Thanks for the recommendations. I will definitely put together a CD-reel as well.
And a great idea to fit it specially towards the potential client in question. I will keep that in mind.

I had a lot of thought about the issue with putting video that has been edited afterwards.
The reel is kinda half/half of things scored directly, to show that side as well. 
We tried first to have only that, and the pace just completely was lost. So it's a bit of a trade off, I guess.
Nikolas, I too think the gaps between can be a little disturbing, but on the other hand it works quite well to skip through different moods. We tried crossfading first, and it just turned out kinda confusing.

By the way, Marcus, the first trailer, 'Venus' and 'Chameleon Beach' are all samples (but I take it as a compliment to pass it for live). Venus does have 2 violins and 1 viola live doubling the melody line though. Great to see a fellow Schmidt


----------



## Unison (Dec 3, 2011)

Hi all

I just arrived to LA yesterday. Very nice to be here. If any of you feel like grabbing a beer or similar, pop me a msg.

I have now updated the sound quality and uploaded my reel to Vimeo instead.

http://vimeo.com/33079666

Thanks again for the comments!

-Nicklas


----------



## G.R. Baumann (Jan 17, 2012)

Late to reply here, but well...

Yes, the vimeo is galaxies apart from the horrific sonic quality of the you tube. I enjoyed this a lot, also from a somwhat educational perspective how to make a really good show reel.

Can I just ask you something Nicklas, what is your opinion, as a new comer, would you echo the opinion of the other posters, that it is considered as bad idea to use a trailer or a few and make your own music to it?

Hope all goes well for you in LA!

As for your original question:


> I was wondering if any of you living there (or anywhere for the matter) has an idea if it is worth it to get DVD's/BD printed these days, or just hand stuff online through youtube link.

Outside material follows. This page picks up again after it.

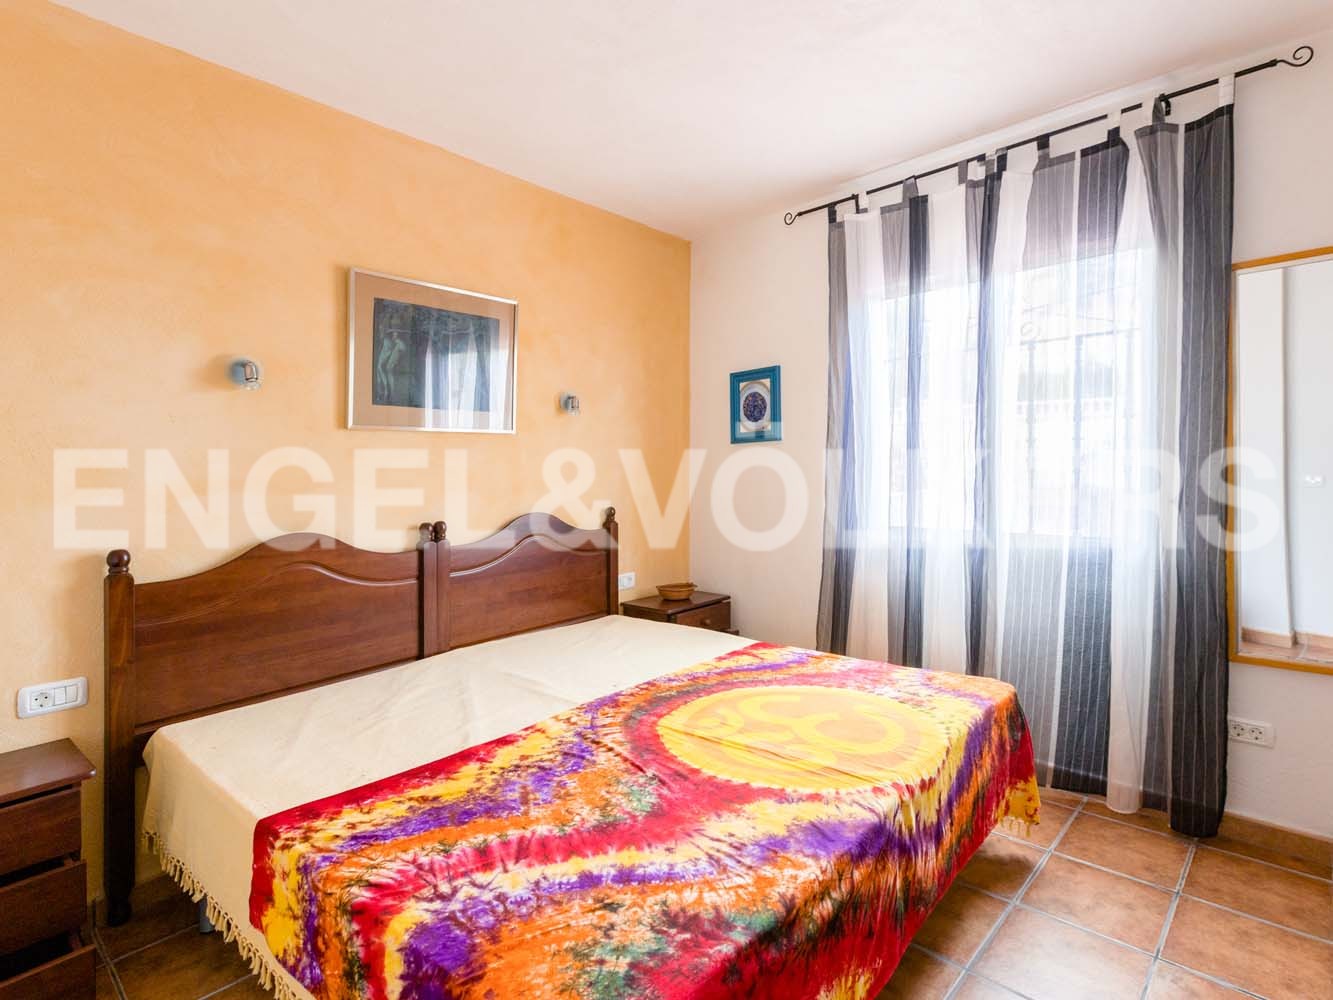 House in La Orotava - Bedroom 2 (apartment 2)
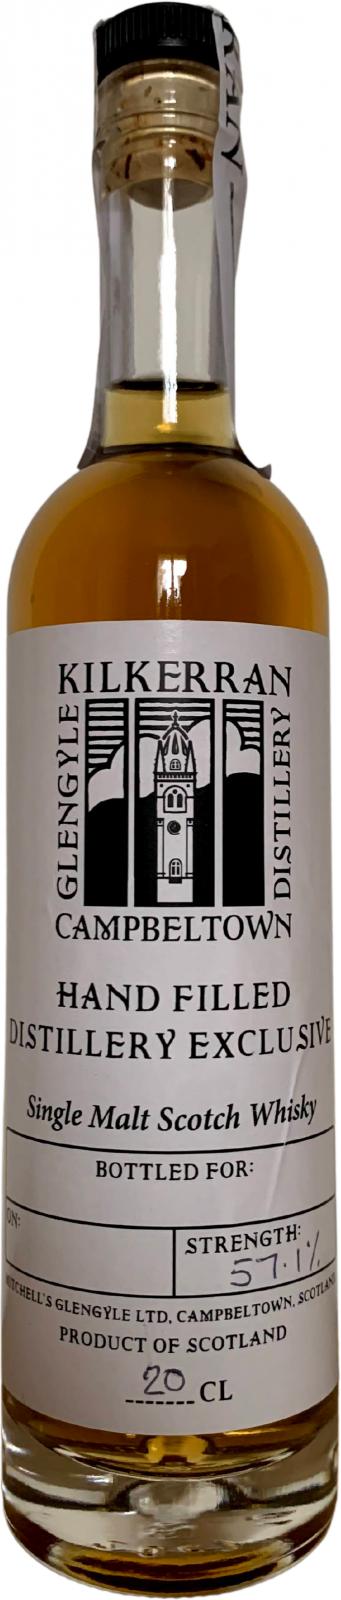 Kilkerran Hand Filled Distillery Exclusive

And have you got any feeling if anyone (directors in particular) looks at reels at all.



Just out of my guts of course, I would think that the high quality vimeo provides a good entry, but perhaps it is not a bad idea at all to produce a handful of BD of the highest quality, as I assume you did multichannel as well, including a nicely printed 4 page Nicklas Schmidt Brochure, to have ready as a follow up to be send to potential clients. That would only be my own approach of course.

Thanks
Georg


----------



## Mike Marino (Jan 17, 2012)

Well done! I thoroughly enjoyed that. For me it is very educational as well to see how you've put this together. Beautiful writing!

Thanks for the share and good luck in L.A.

- Mike


----------